Data:
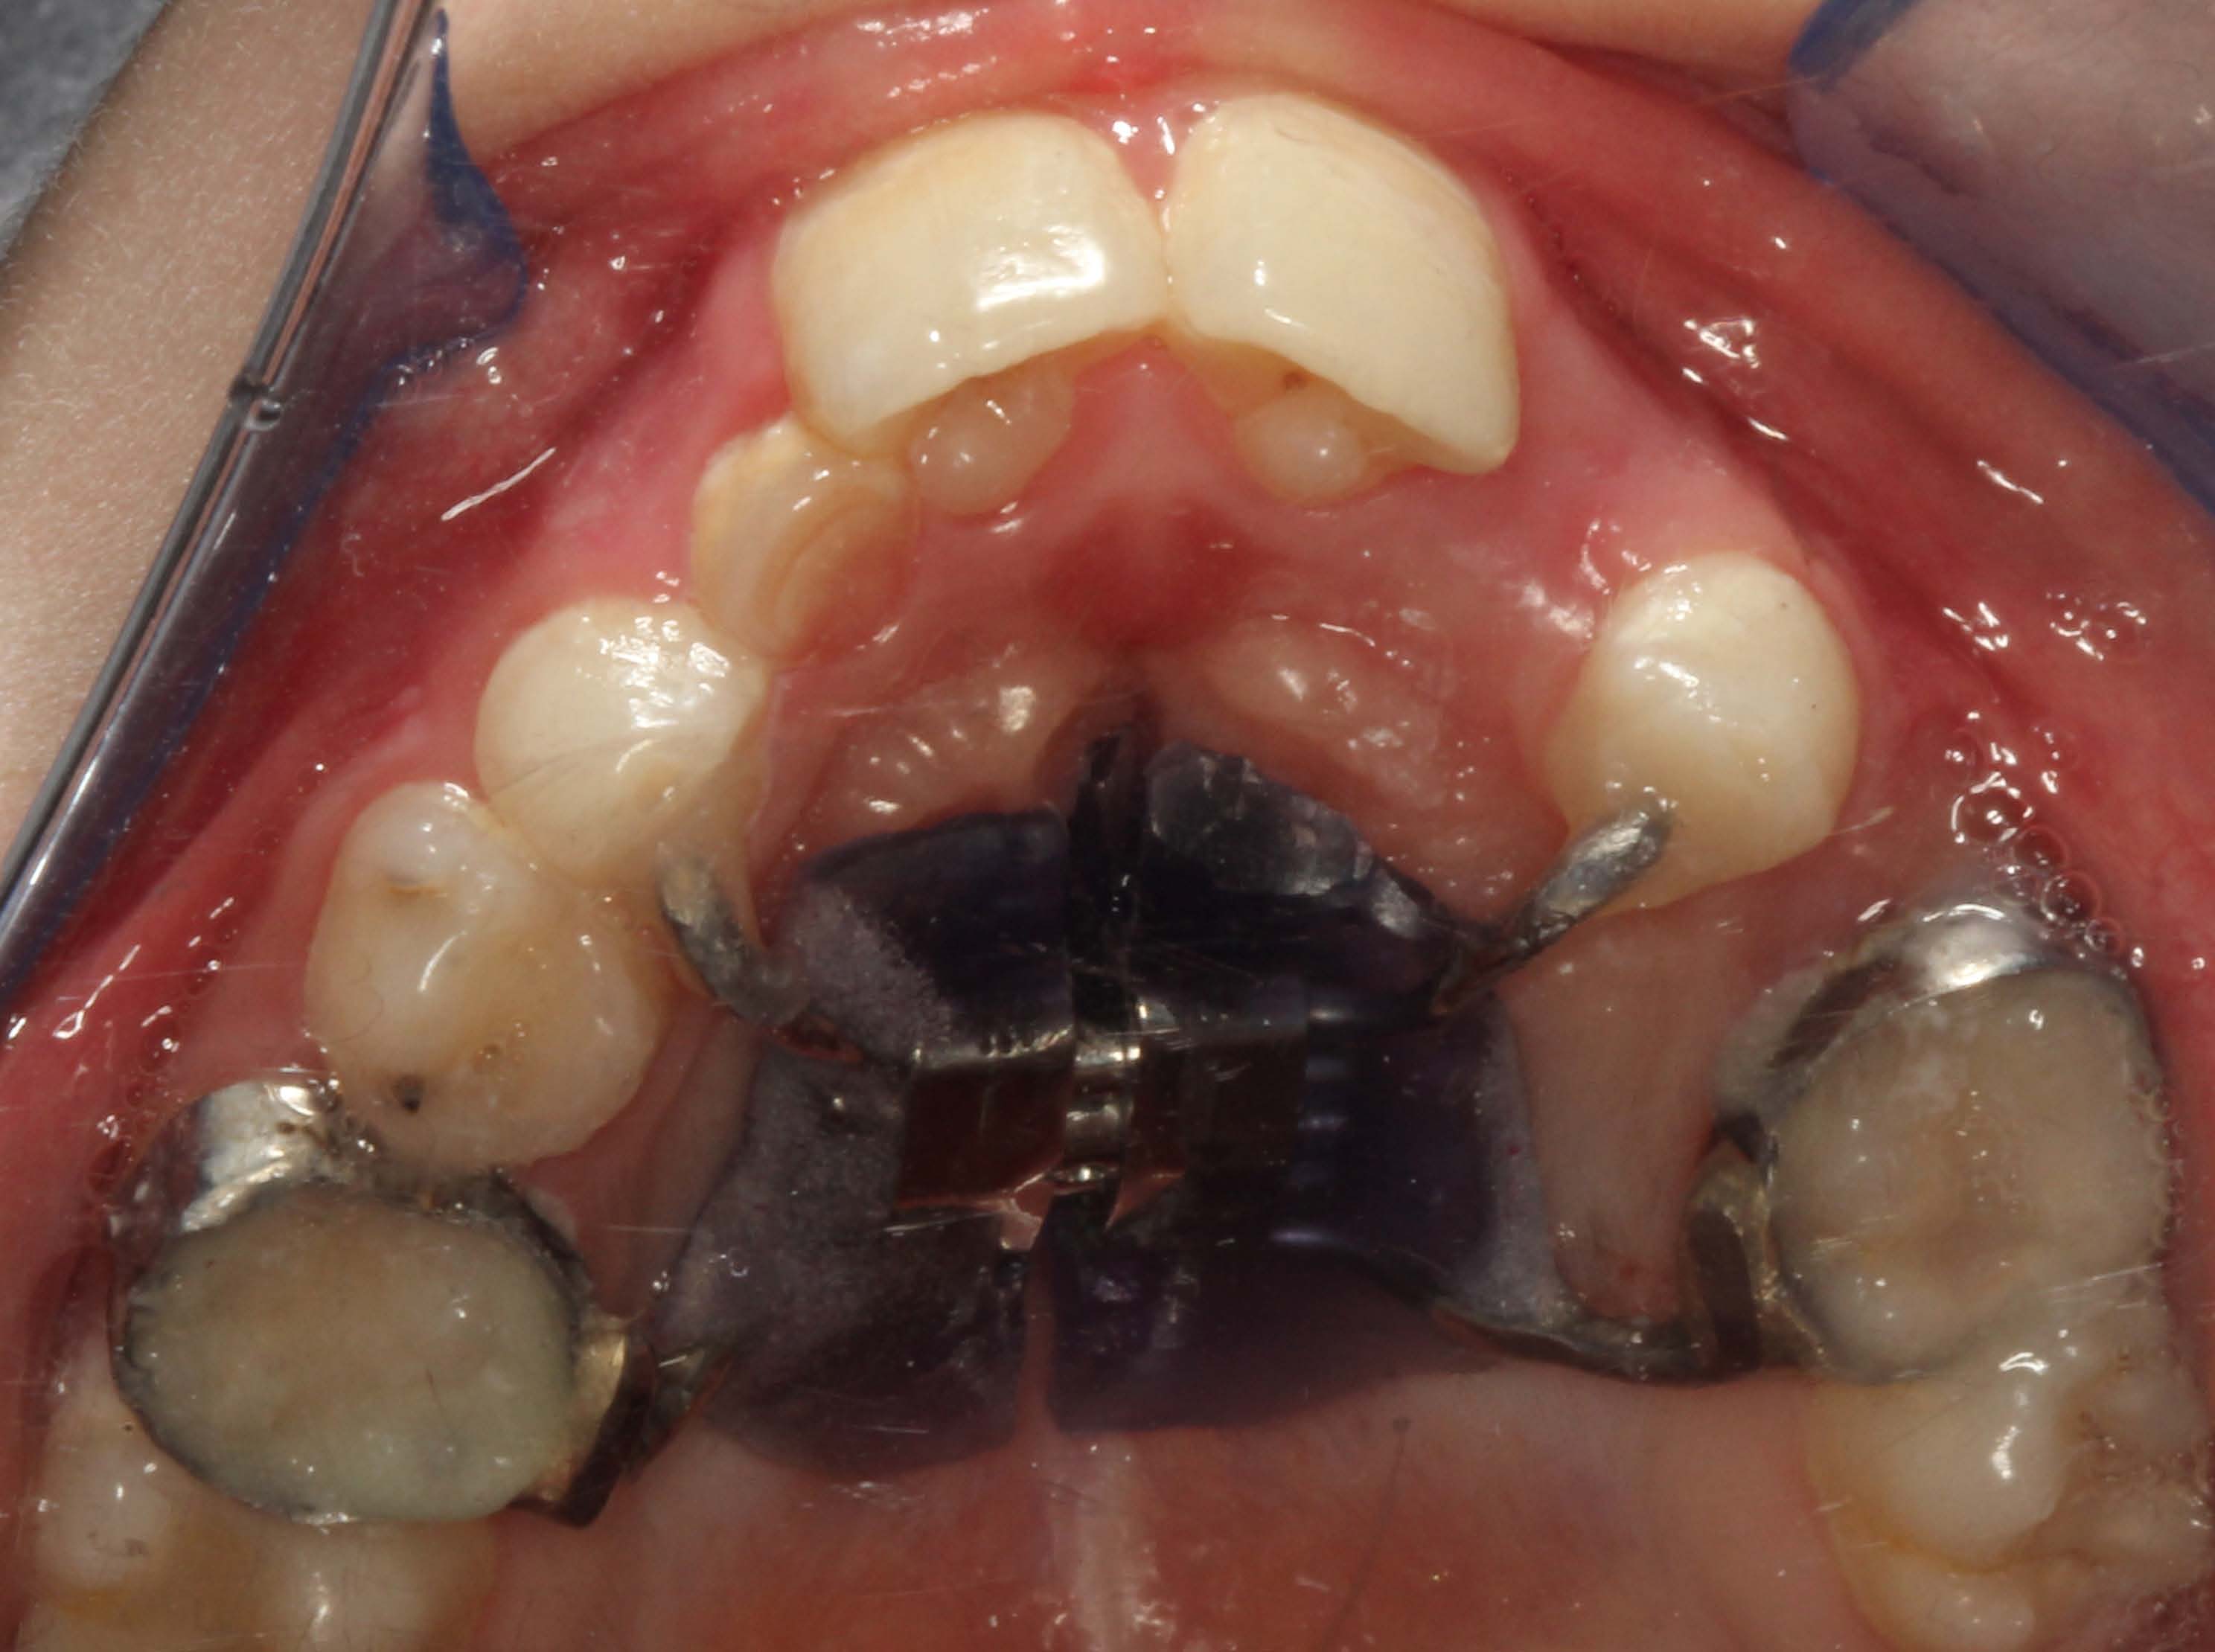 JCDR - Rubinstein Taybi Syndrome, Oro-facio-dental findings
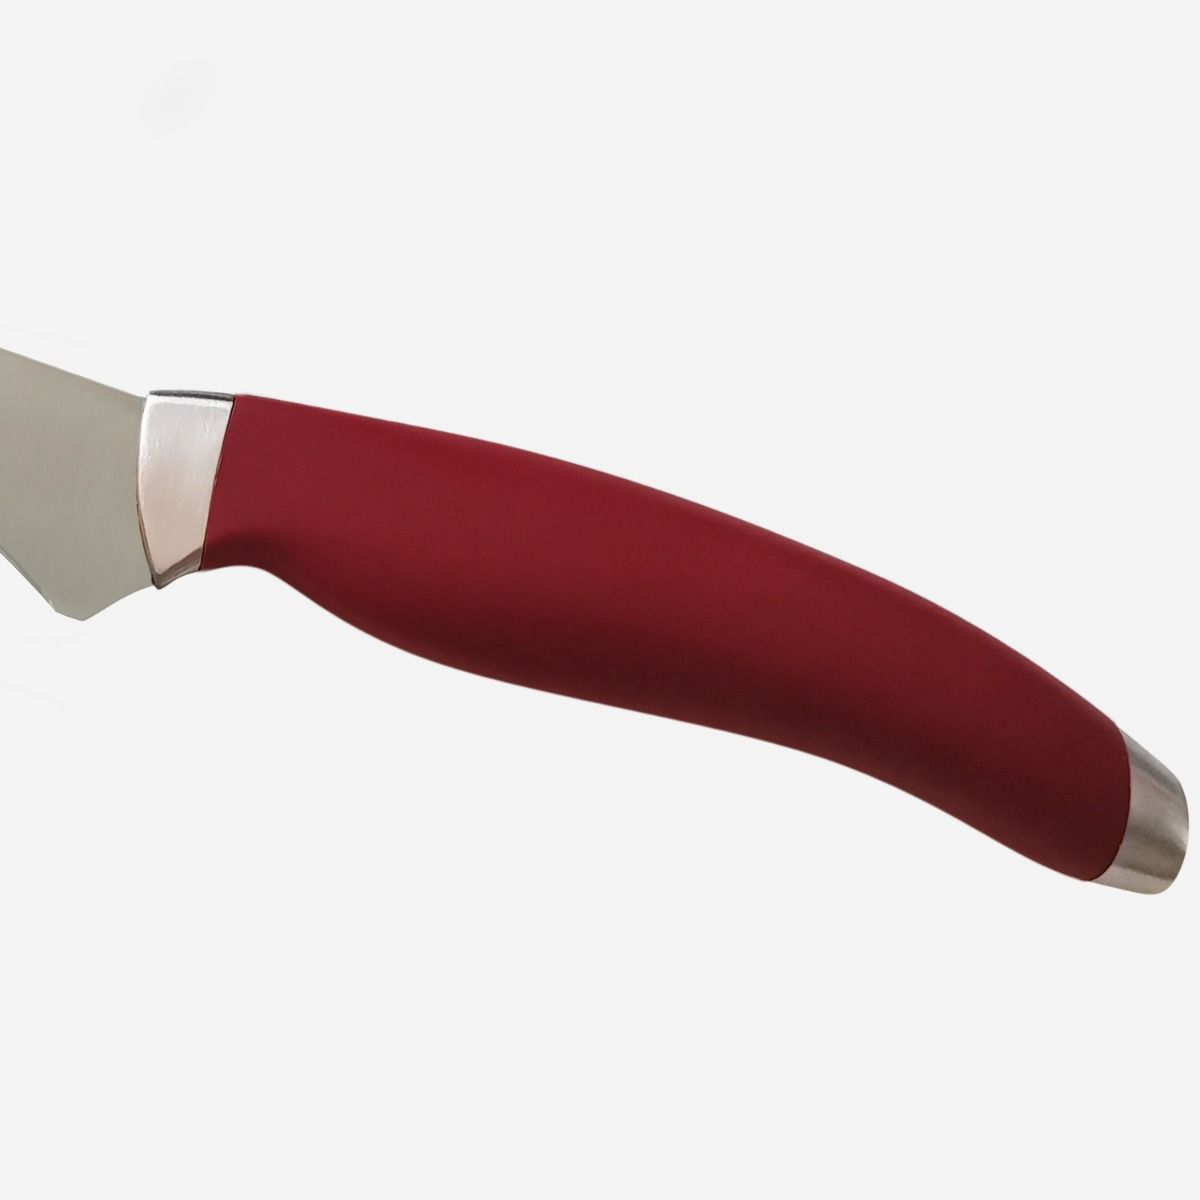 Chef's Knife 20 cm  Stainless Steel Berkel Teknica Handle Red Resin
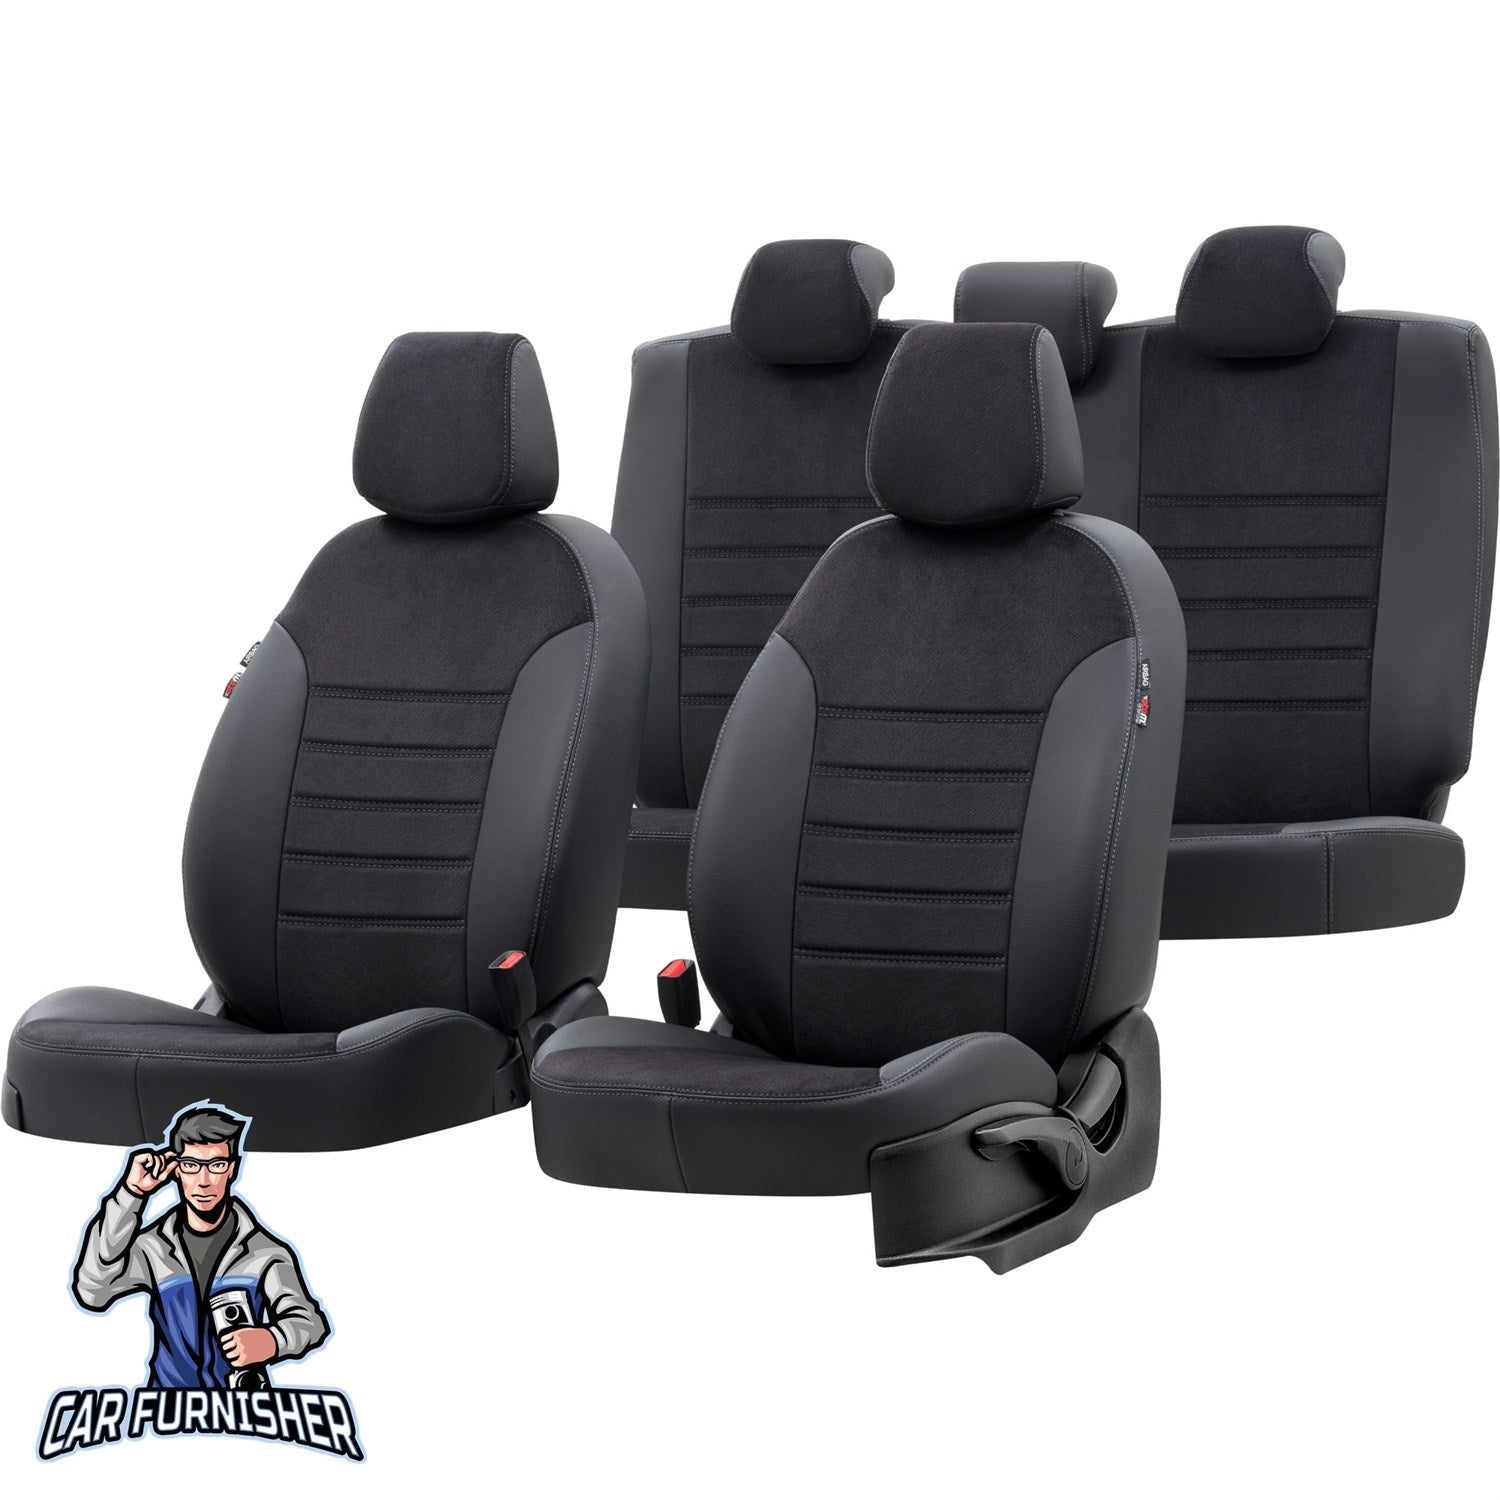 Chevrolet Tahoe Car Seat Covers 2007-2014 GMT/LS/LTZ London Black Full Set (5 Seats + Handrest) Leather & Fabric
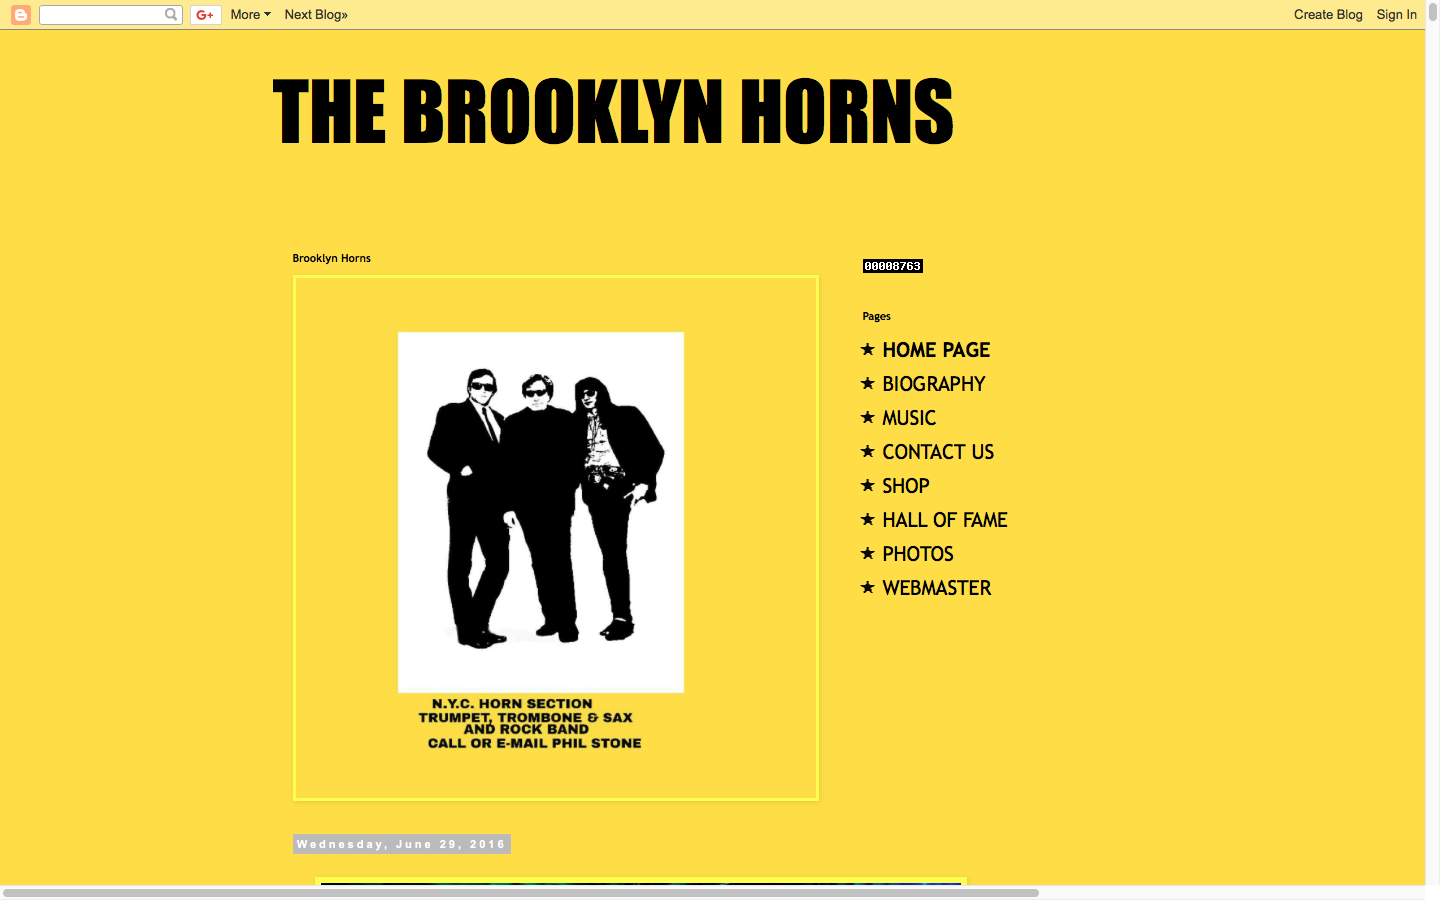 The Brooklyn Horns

What this task involves:
Would you restate word for word only the lines from the one containing "Chef's Knife 20" to the final line of the material, both ends included, without any pictures?

Completed exercise:
 Chef's Knife 20 cm  Stainless Steel Berkel Teknica Handle Red Resin
 Chevrolet Tahoe Car Seat Covers 2007-2014 GMT/LS/LTZ London Black Full Set (5 Seats + Handrest) Leather & Fabric
 The Brooklyn Horns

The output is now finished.